En économie de marché, la concurrence stimule l’activité économique et améliore la qualité des prestations pour un moindre coût. Voilà ce qui est écrit dans la plupart des manuels d’économie. Mais est-ce le cas, systématiquement pour les transports ?
L’Île-de-France est engagé dans un processus de libéralisation. Pour la RATP (c’est aussi vrai pour la SNCF), cette mise en concurrence n’est pas un long fleuve tranquille, tant les dimensions sociales et techniques sont importantes.
L’organisation de la régie est historiquement très intégrée avec beaucoup d’activités mutualisées du fait de son implication multimodale qu’il a fallu revoir complètement pour répondre au cahier des charges arrêté par l’Autorité organisatrice, Île-de-France Mobilités (IDFM) avec un système d’allotissements (13 lots bus pour Paris et la petite couronne et 36 lots pour la grande couronne).

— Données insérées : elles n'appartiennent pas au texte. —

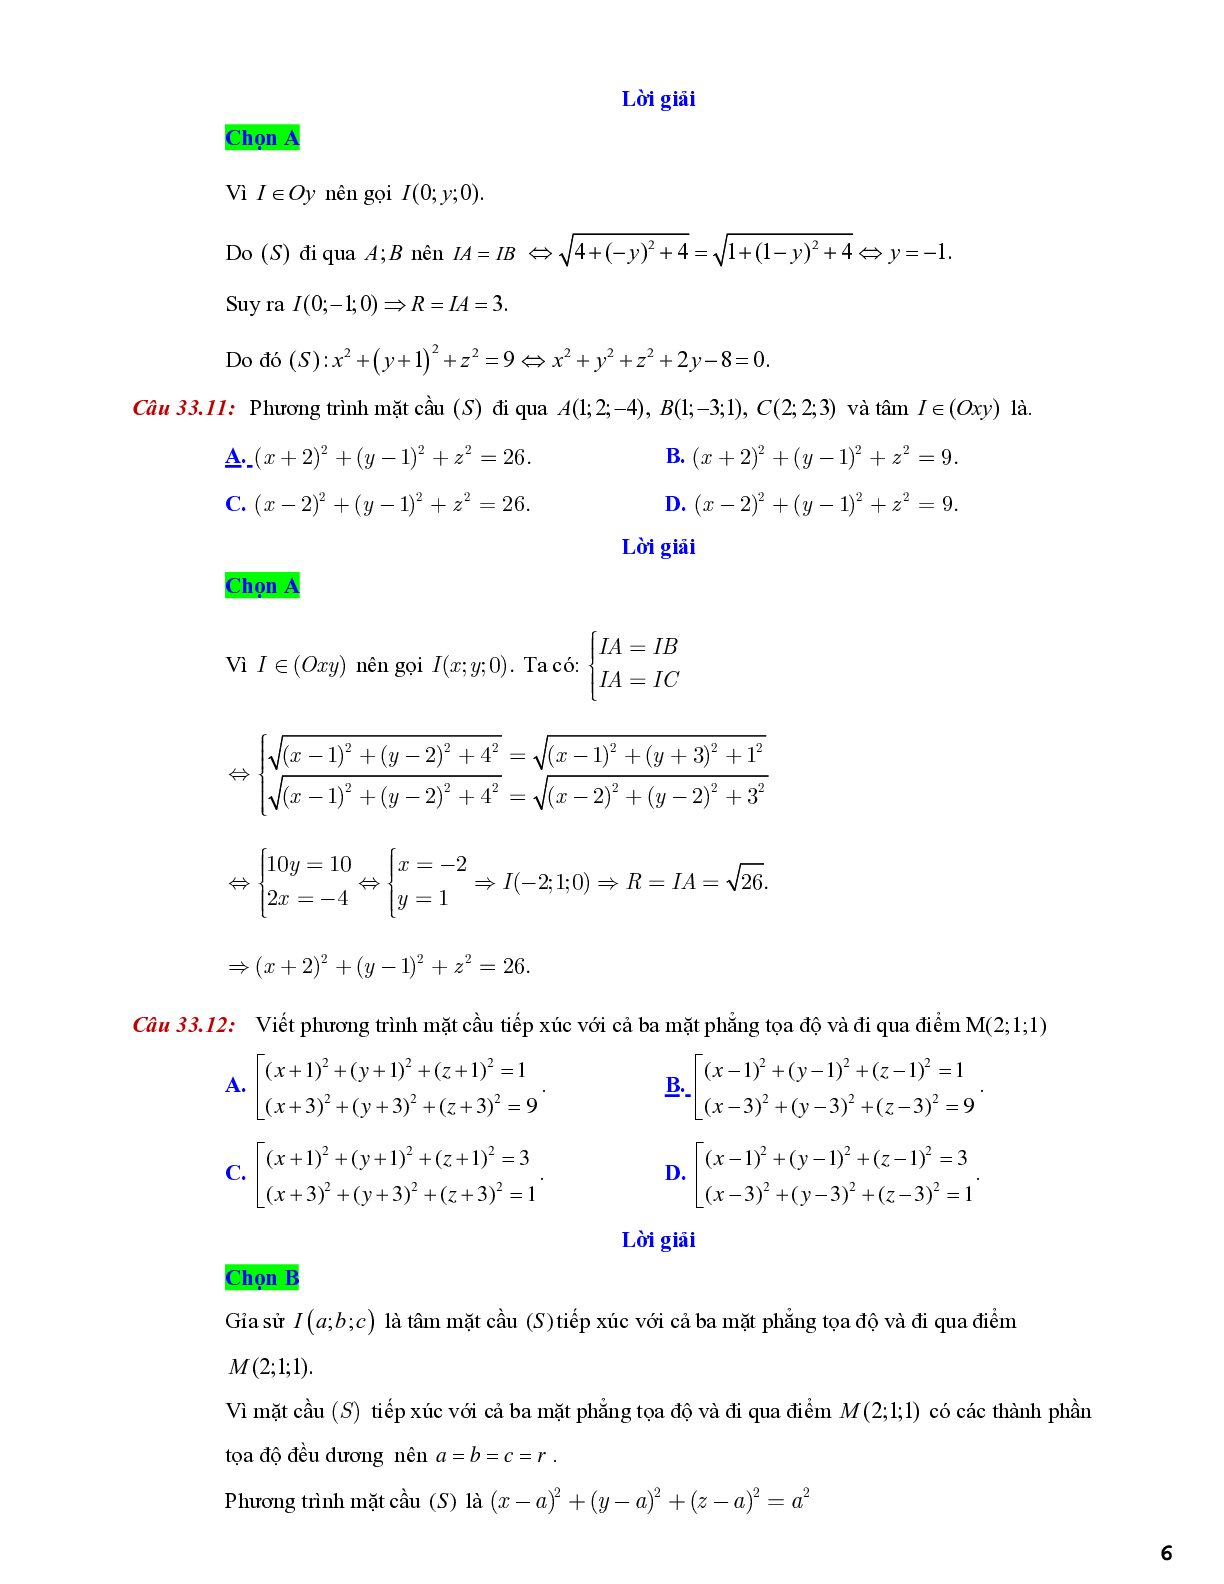 Lý thuyết và bài tập về viết phương trình mặt cầu - có đáp án chi tiết (trang 6)

La RATP, qui se prépare depuis plusieurs années à la concurrence qu’elle a fortement souhaitée pour être autorisée à se développer en France et à l’international, est entrée dans une zone de turbulences avec beaucoup de répercussions sur la qualité de vie au travail et la qualité de service. Ceci « agrémenté » d’un nouveau langage anglo-saxon (Business Unit, Ebit…) en contradiction totale avec sa culture, langage jusqu’alors inconnu des salariés de l’entreprise. Et tout naturellement – malheureusement – ses services d’études générales qui ont joué un rôle majeur dans la définition du Grand Paris ont été fortement réduits, voire supprimés. Les actions de l’entreprise publique dans le domaine de la politique de la ville ont été abandonnées.
Il y a aussi l’attachement que peuvent avoir ces femmes et hommes à leur entreprise, leur fierté d’être des agents de la RATP, leur possibilité de devenir conducteur de métro après avoir été à la conduite des bus, puis du RER. Il subsiste une dimension humaine importante, à un moment où l’entreprise représente un espace de valorisation par le travail, dans une société aujourd’hui très fragmentée, souvent en quête de repères.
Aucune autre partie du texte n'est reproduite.